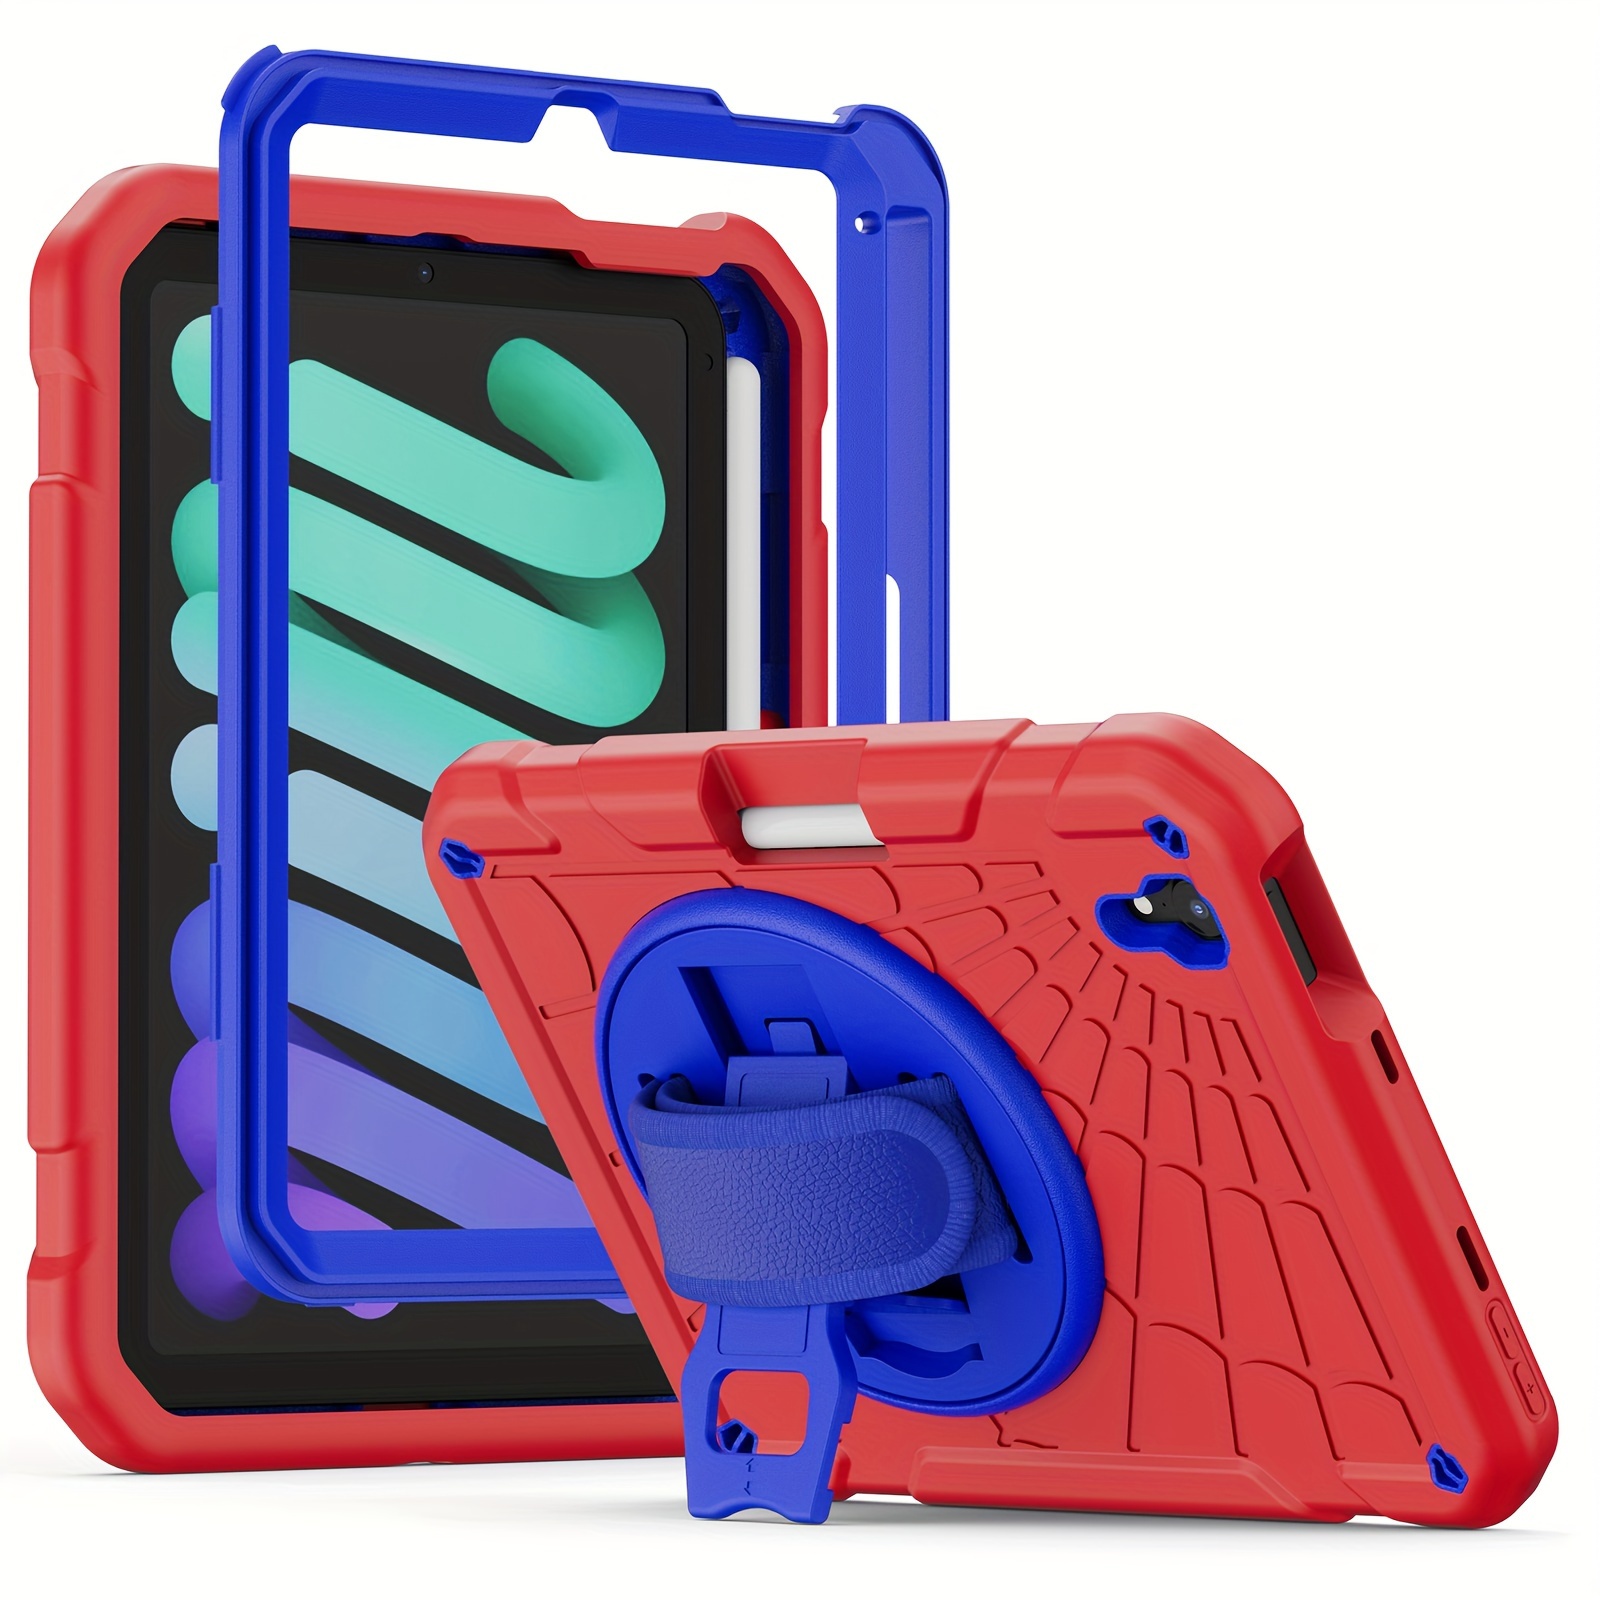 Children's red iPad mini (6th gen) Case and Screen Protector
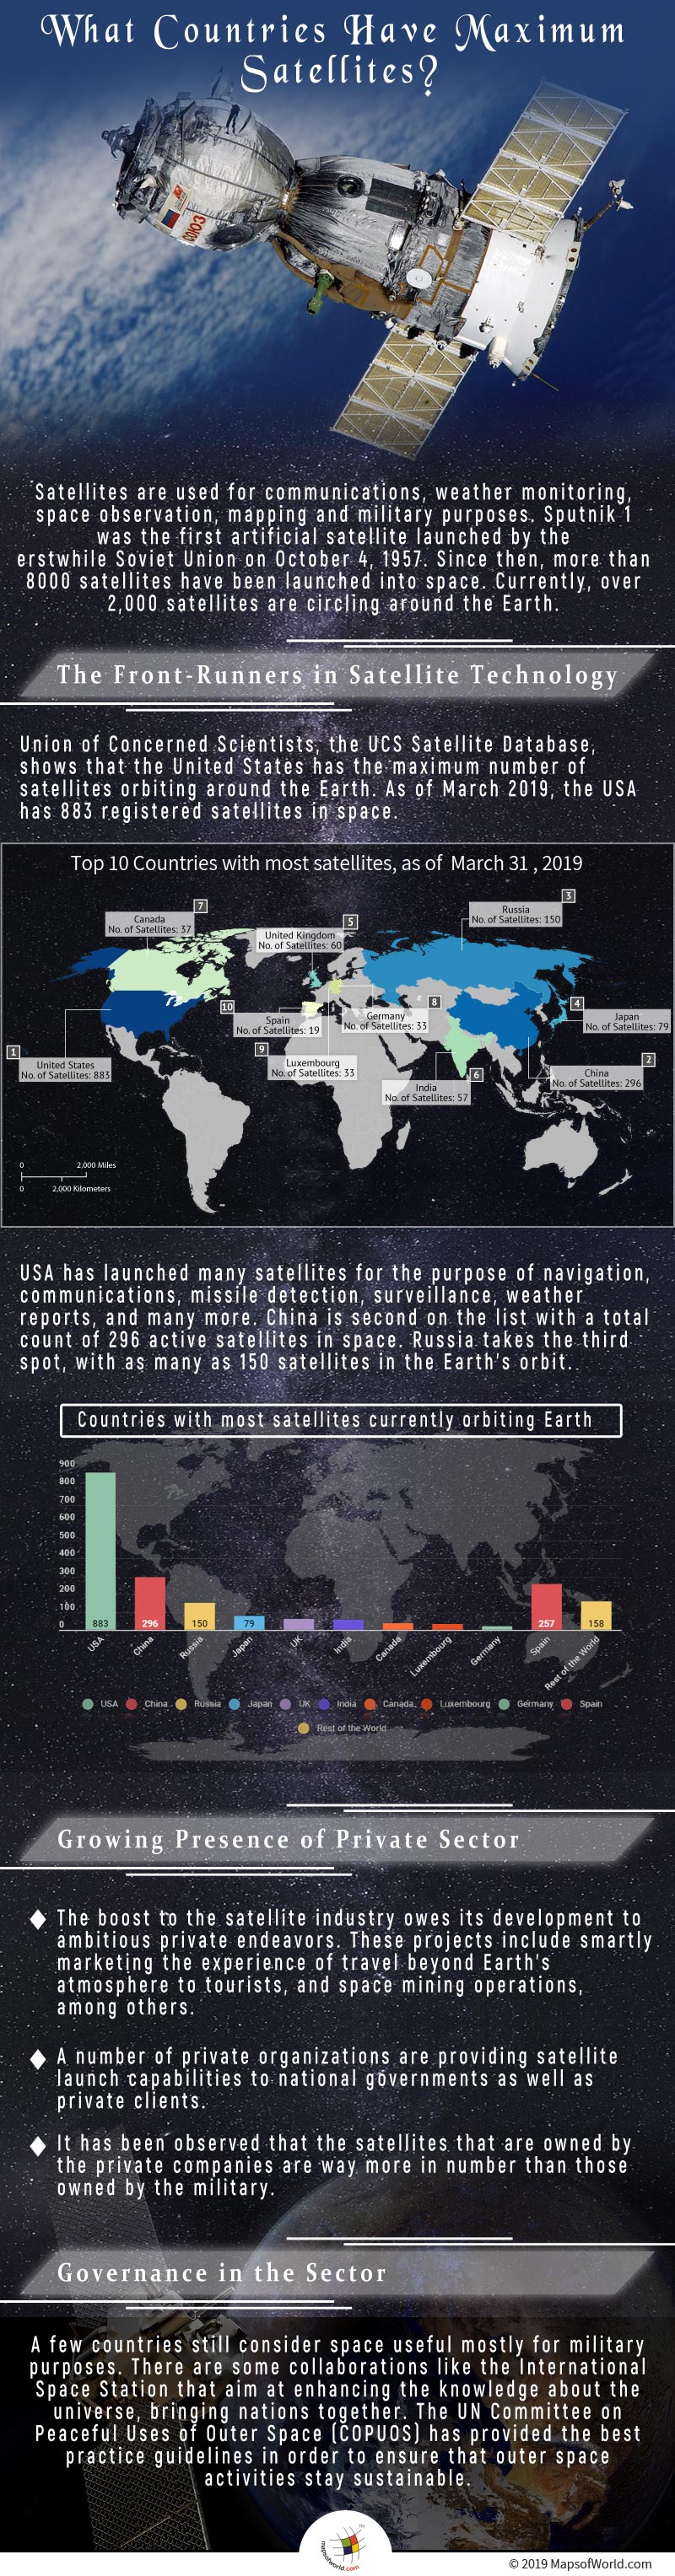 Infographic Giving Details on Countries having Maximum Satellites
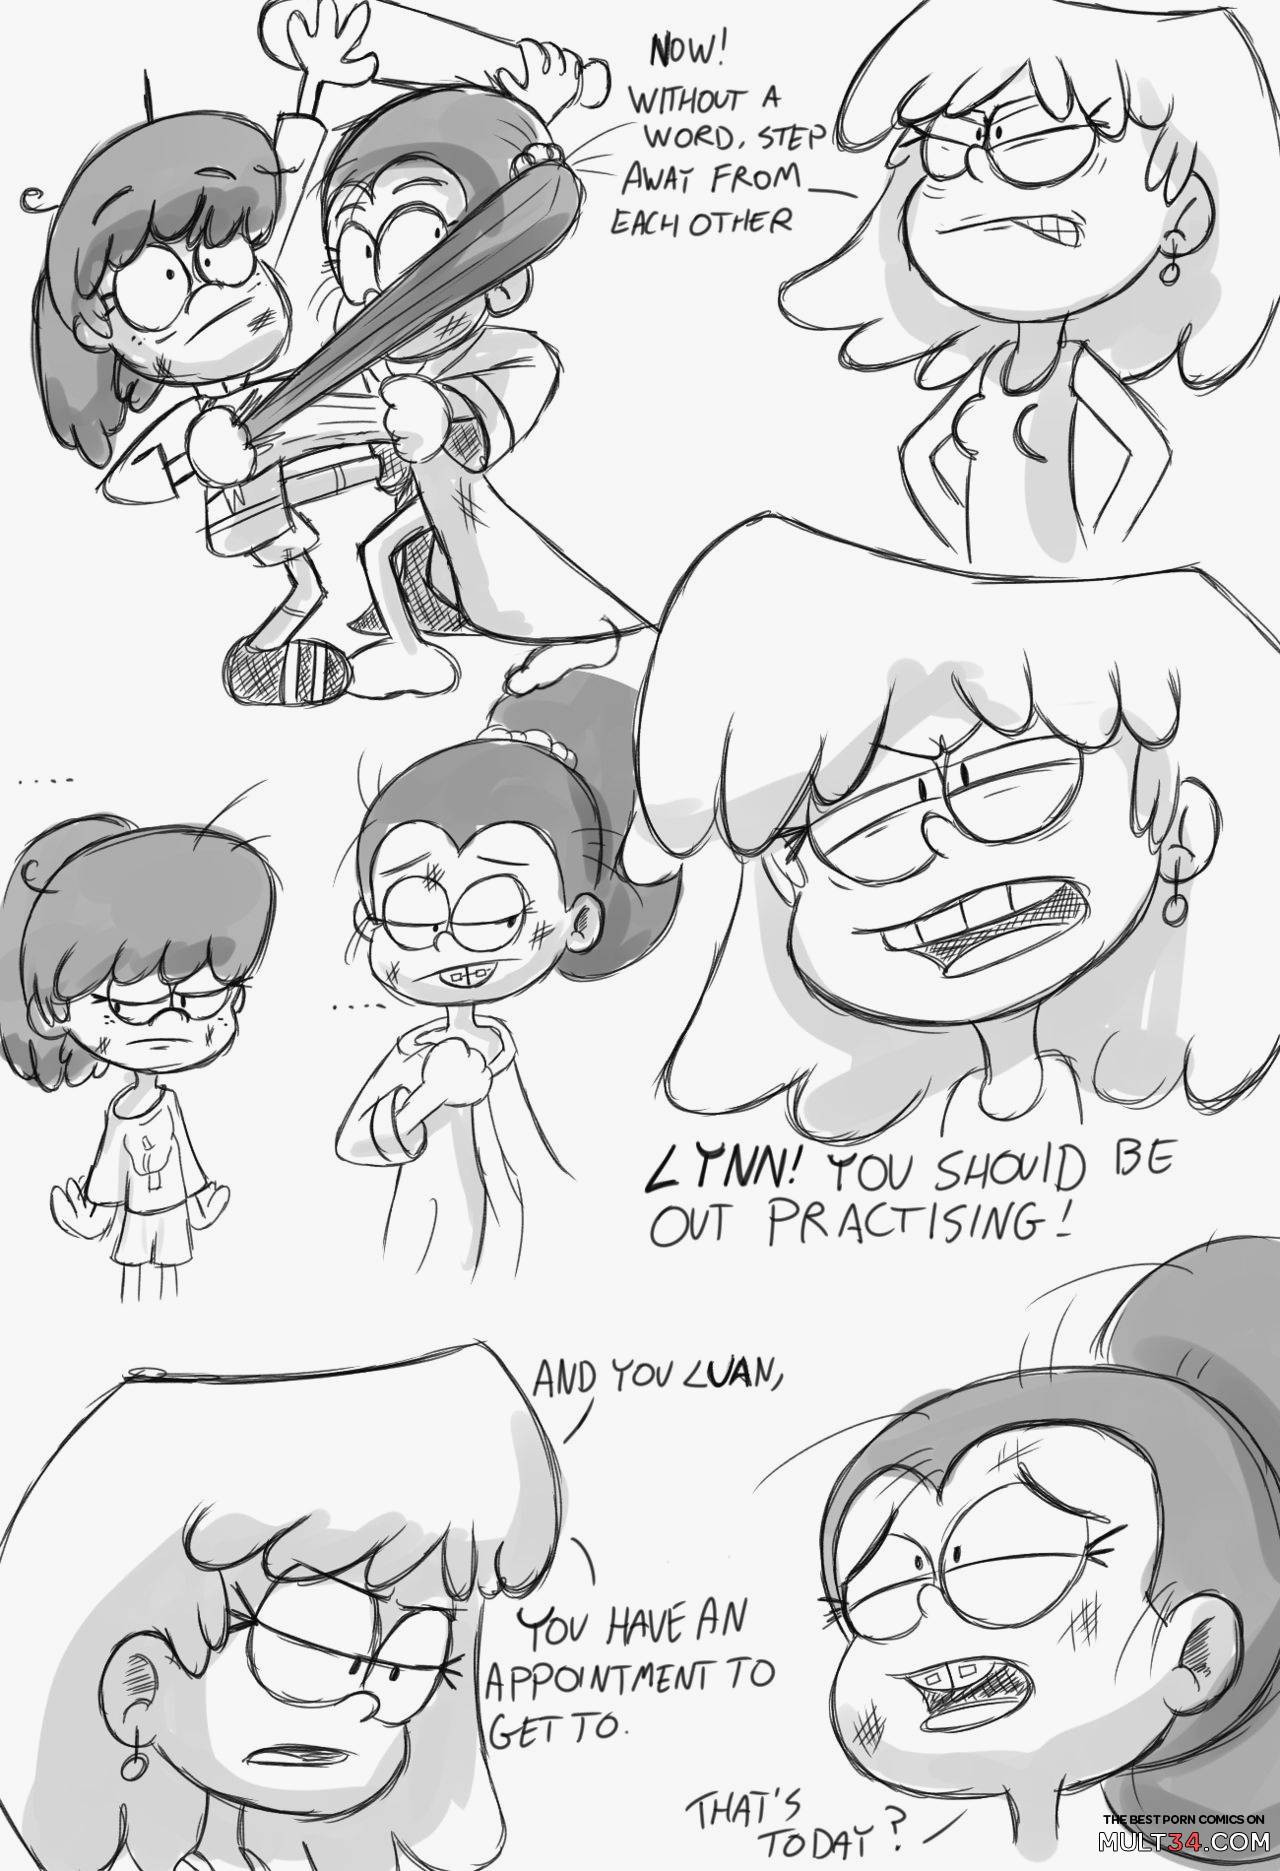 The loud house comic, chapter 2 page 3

***

Description of the task:
Copy all the lines of data exactly as they appear, dropping any images.

Problem solution:
 Children's red iPad mini (6th gen) Case and Screen Protector
 Infographic Giving Details on Countries having Maximum Satellites
 The loud house comic, chapter 2 page 3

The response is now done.